Knowing that five generations of Will Steacey’s family (including himself) worked in the diminishing newspaper industry, we better understand the blend of photographs, pages of handwritten thoughts, and newspaper clippings that make up The Beast, a colossal collage that takes over the first room of the Silver Eye Center for Photography. In “No Job No Home No Peace No Rest” he portrays the death of the American dream, the core of American lifestyle. He appoints himself spokesperson for those who have had to bear the brunt.
Thousands of clippings, obsessively amassed over the years and carefully assembled with deliberation encapsulate the economic slump and the people’s growing desperation, from the prosperity of post-WWII to the changes triggered by 9/11. Headline after headline, some words crop up repeatedly: Nightmare. Promise. Crisis. Hell. Concerning the American Dream, this collage is truly disenchanting. In Steacy’s handwritten notes, his shock, and anger that it’s gone this far, shows through – and he’s not forgiving. Everything that’s going wrong in America makes The Beast; it’s monstrous, and once it charges, seems unstoppable. And it’s trampling over everyone.Steacy attempts to “hold a mirror to America” so we can review our mistakes. But, the mirror is tinted – it’s through the perception of the national media that we see, so it can eventually seem too blunt and excessive (like INVITATION TO A BEHEADING being placed above THE AMERICAN DREAM) because headlines are dramatic and provocative in order to get a reaction. However, he uses the collage to cover several subjects, which is not as easy to accomplish in a single photograph.
After the overwhelming information-crammed walls of the first room, the following two rooms feel quiet. Unless you’ve been desensitised by the staggering collage, Will Steacy’s photographs have an unnerving subtlety that tells the stories of individuals in a way that the collage can’t; The Beast is the nation’s agonising lament of its own condition. The photographs depict a building that has been planned but never realised, a “Set for Life” Lottery ticket that has been vigorously scratched.

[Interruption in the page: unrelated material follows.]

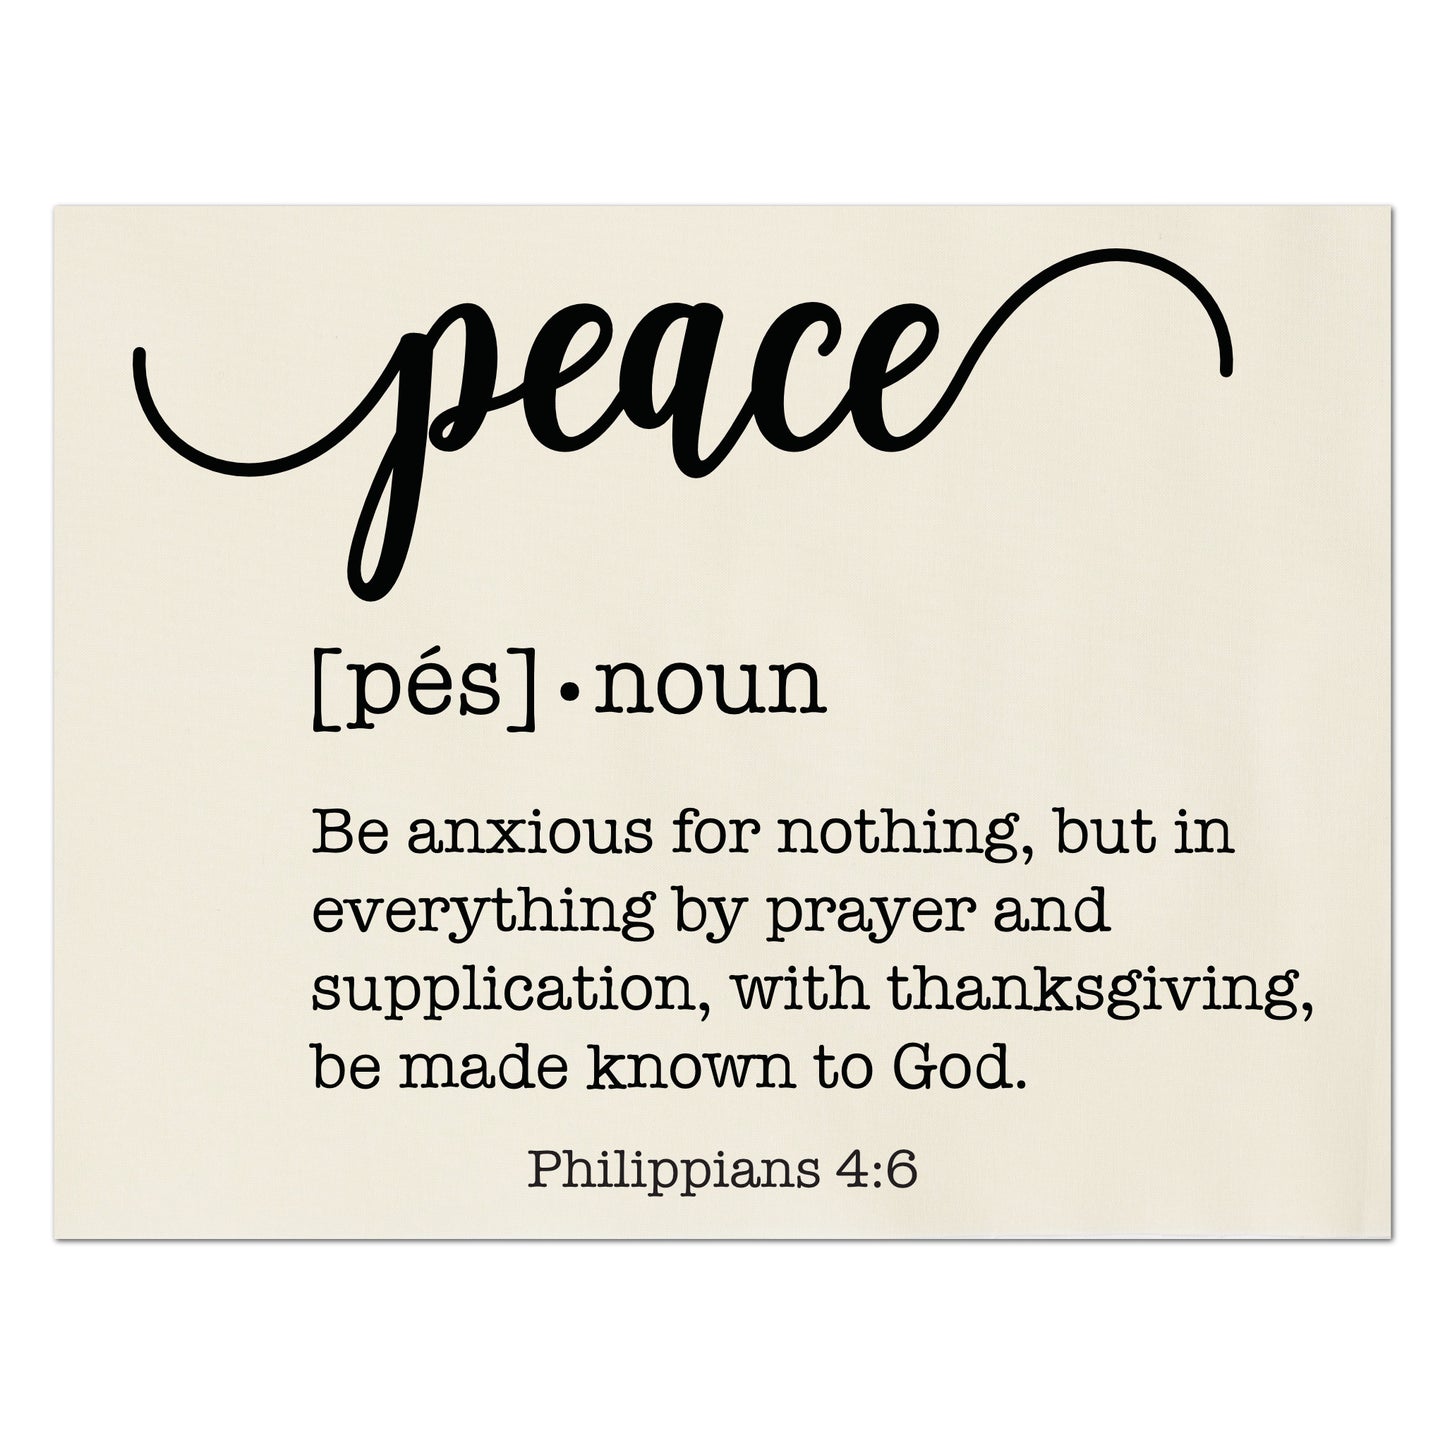 Peace Fabric - Be anxious for nothing, but in everything by prayer and supplication, with thanksgiving, be made known to God. - Philippians 4:6

Some photos fall short of surpassing a normal view on a lower-class quarter of a city, like the two jack-o’lanterns on garden chairs or the discarded cup in a newspaper stand. Likewise, the portraits only work in the context of the economic crisis; without any captions to help us imagine their woes, his subjects are simply dispirited.
For those who aren’t struggling from the effects of the issues covered by Steacy, his works might make the magnitude of America’s problems dawn on you, or perhaps they just make accusatory generalisations. And for those who are strongly impacted, you may realise that the situation is worse than you thought. It would be futile to look for any signs of hope in the exhibition. There’s so much going wrong, how do we even begin to make amends? Is it possible to think of solutions if faced with an apocalyptic view of all the problems of America at the same time?